■ INSTRUCTIONS TO FOLLOW: All records below are to be set down precisely as written, excluding pictures.

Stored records

************

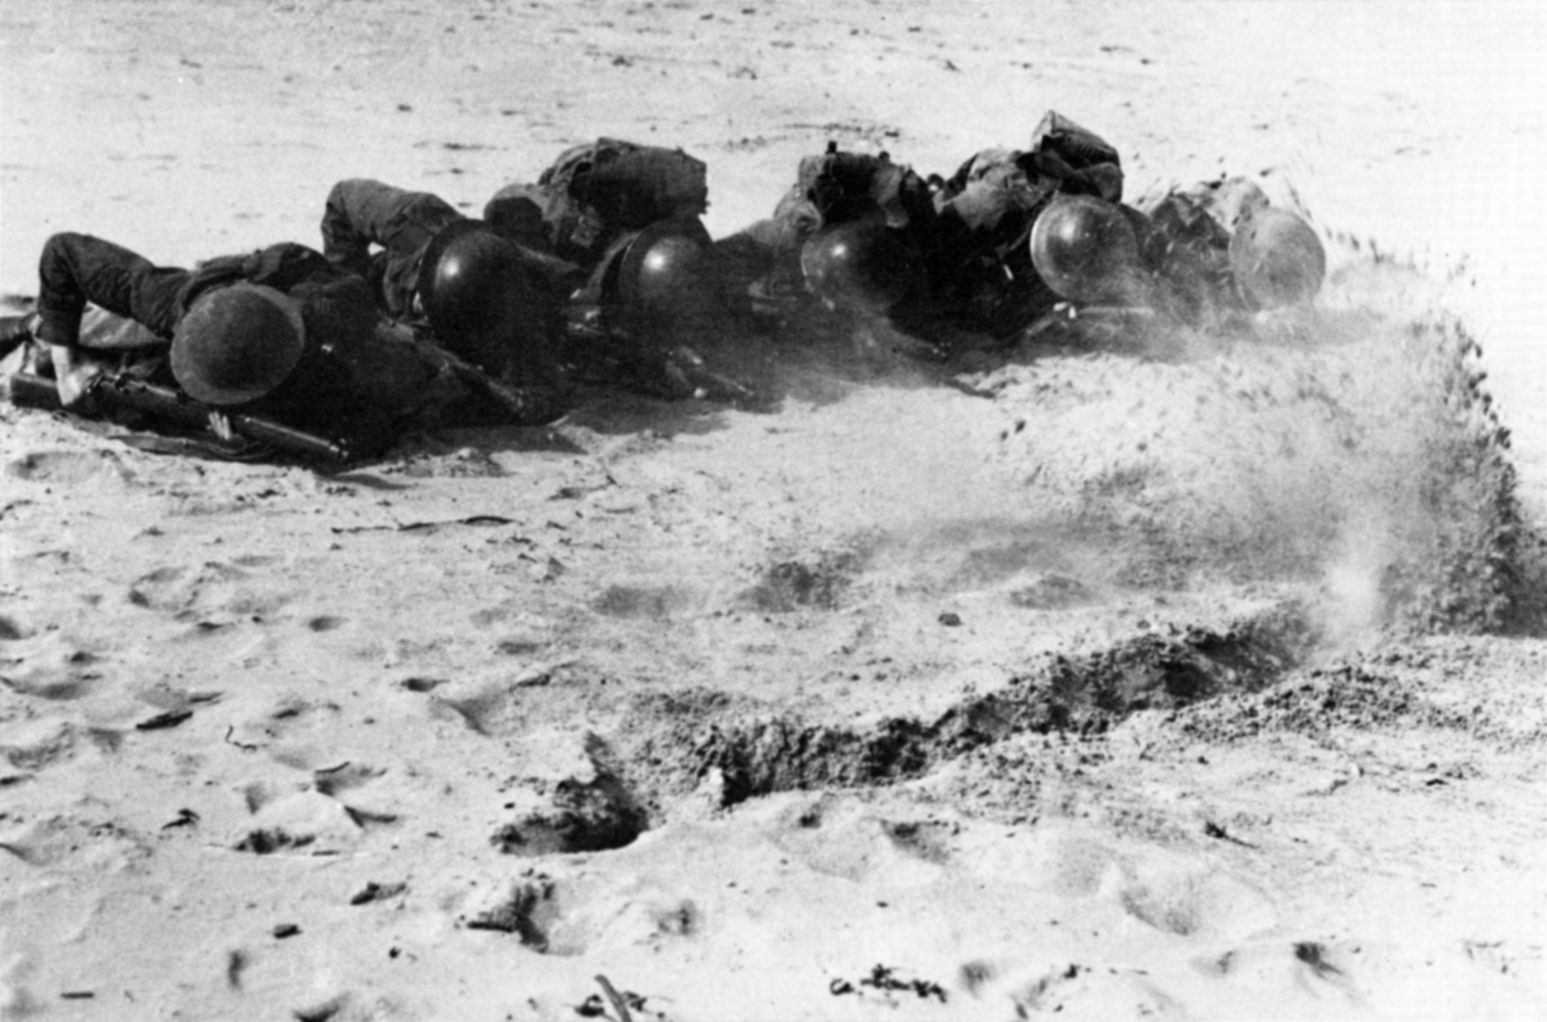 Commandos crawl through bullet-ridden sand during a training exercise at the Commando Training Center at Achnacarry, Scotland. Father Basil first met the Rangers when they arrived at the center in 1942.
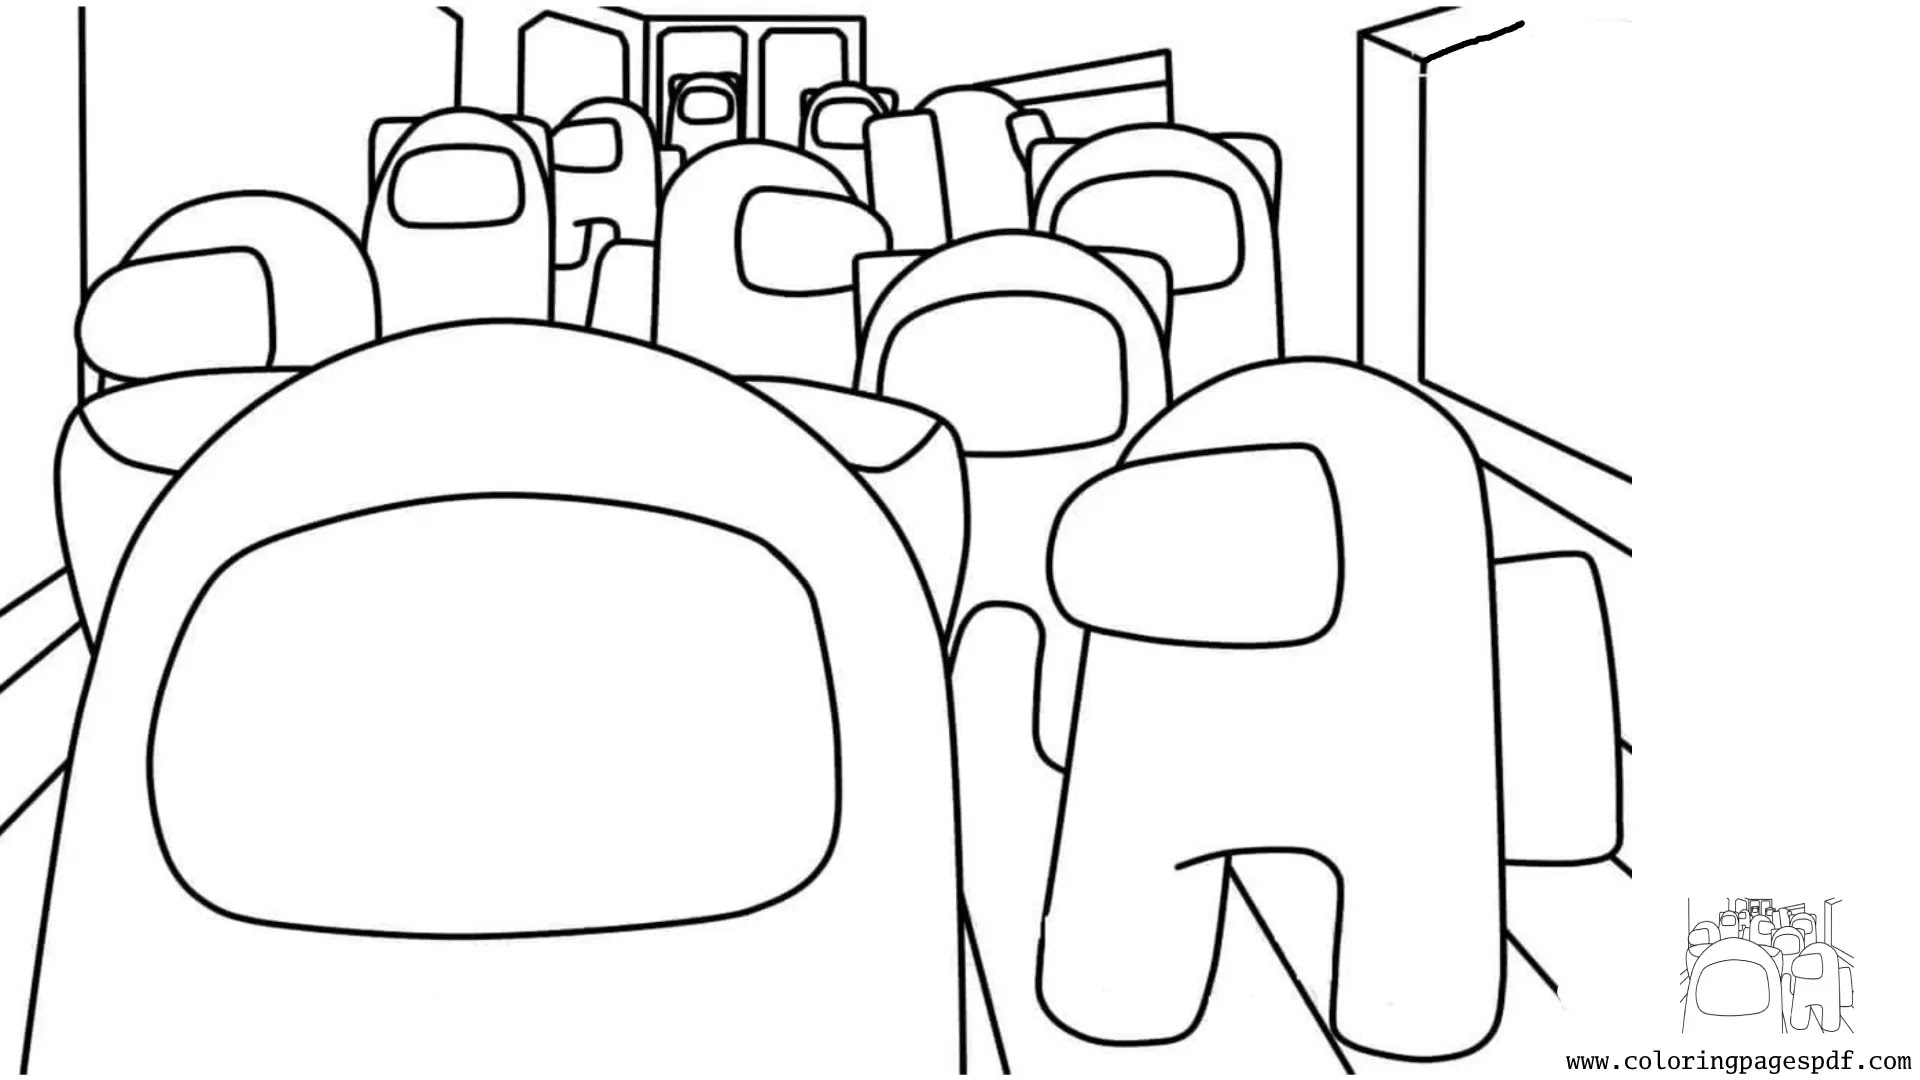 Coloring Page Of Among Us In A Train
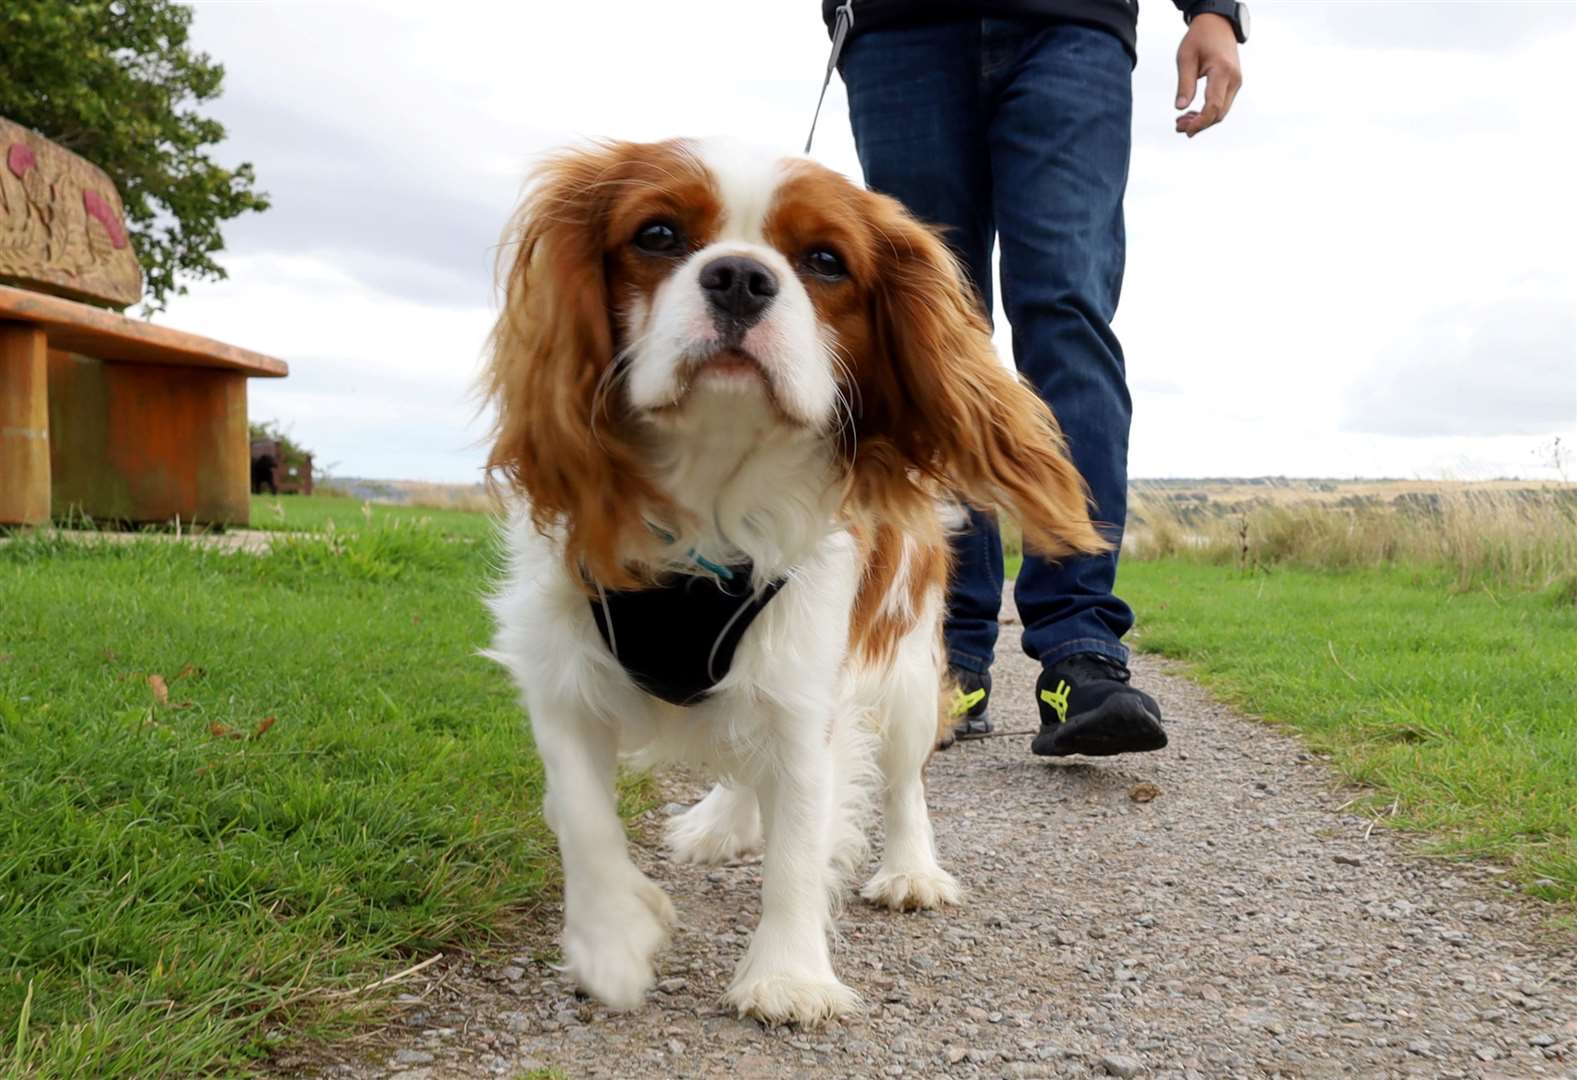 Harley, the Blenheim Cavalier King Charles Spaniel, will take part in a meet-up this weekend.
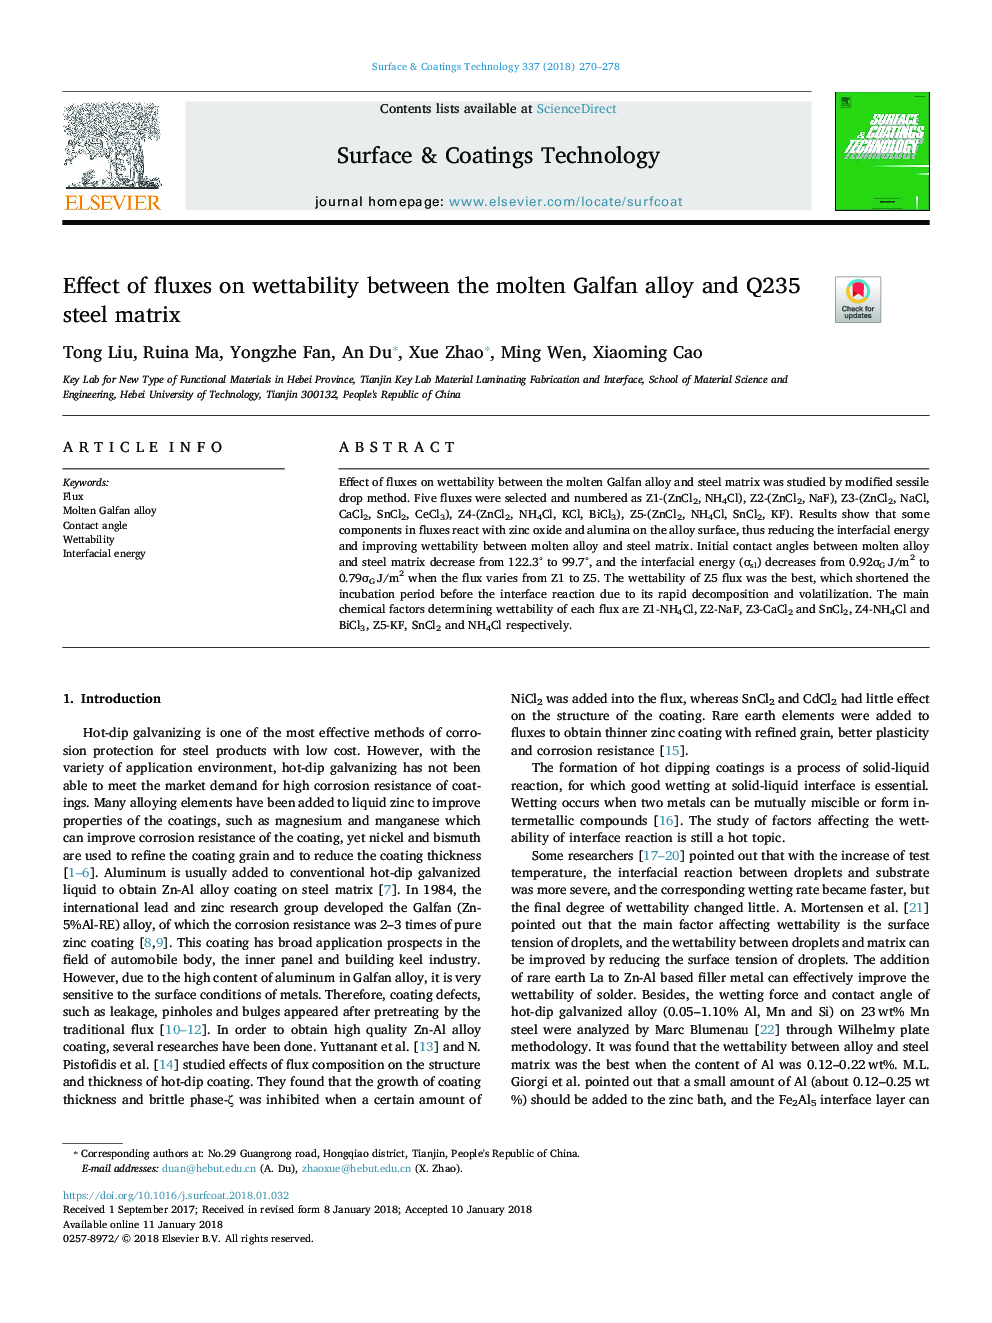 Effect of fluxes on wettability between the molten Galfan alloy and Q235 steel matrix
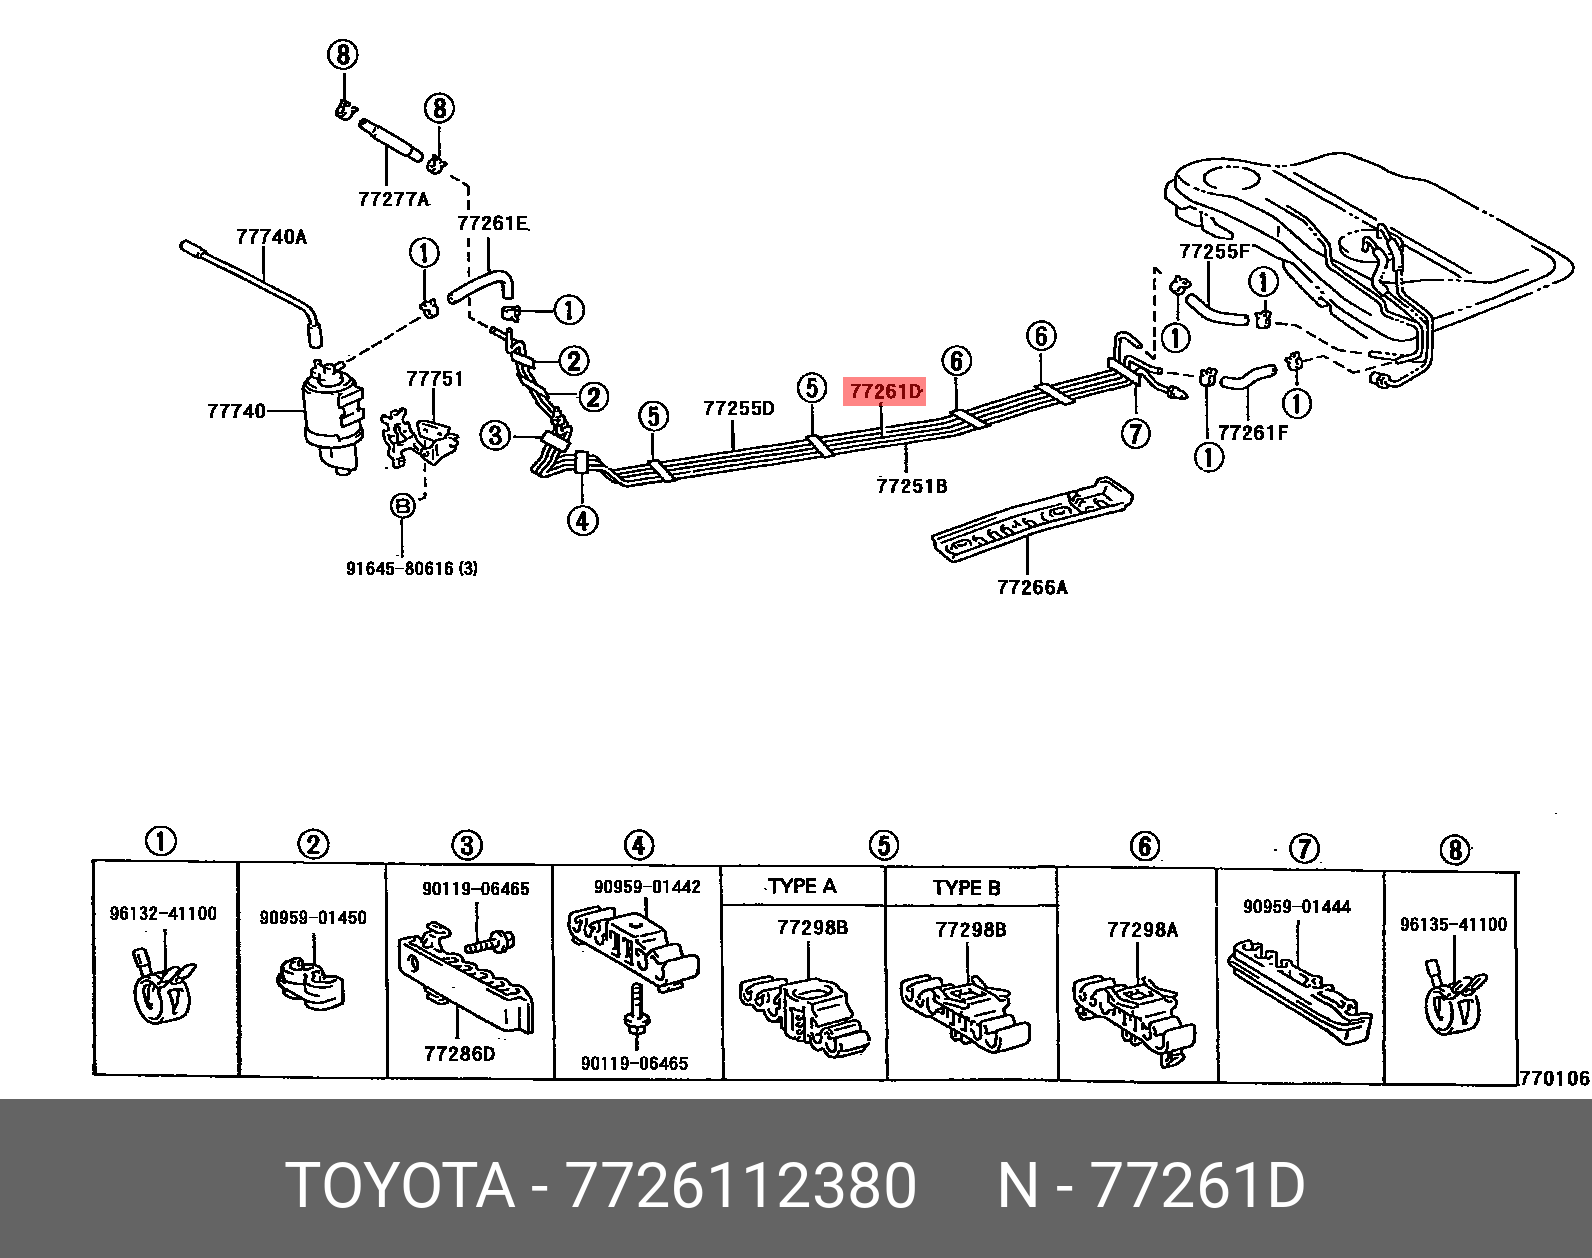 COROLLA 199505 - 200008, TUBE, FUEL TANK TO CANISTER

************

■ OUTPUT FOR THIS EXERCISE:
 Commandos crawl through bullet-ridden sand during a training exercise at the Commando Training Center at Achnacarry, Scotland. Father Basil first met the Rangers when they arrived at the center in 1942.
 Coloring Page Of Among Us In A Train
 Harley, the Blenheim Cavalier King Charles Spaniel, will take part in a meet-up this weekend.
 Effect of fluxes on wettability between the molten Galfan alloy and Q235 steel matrix
 COROLLA 199505 - 200008, TUBE, FUEL TANK TO CANISTER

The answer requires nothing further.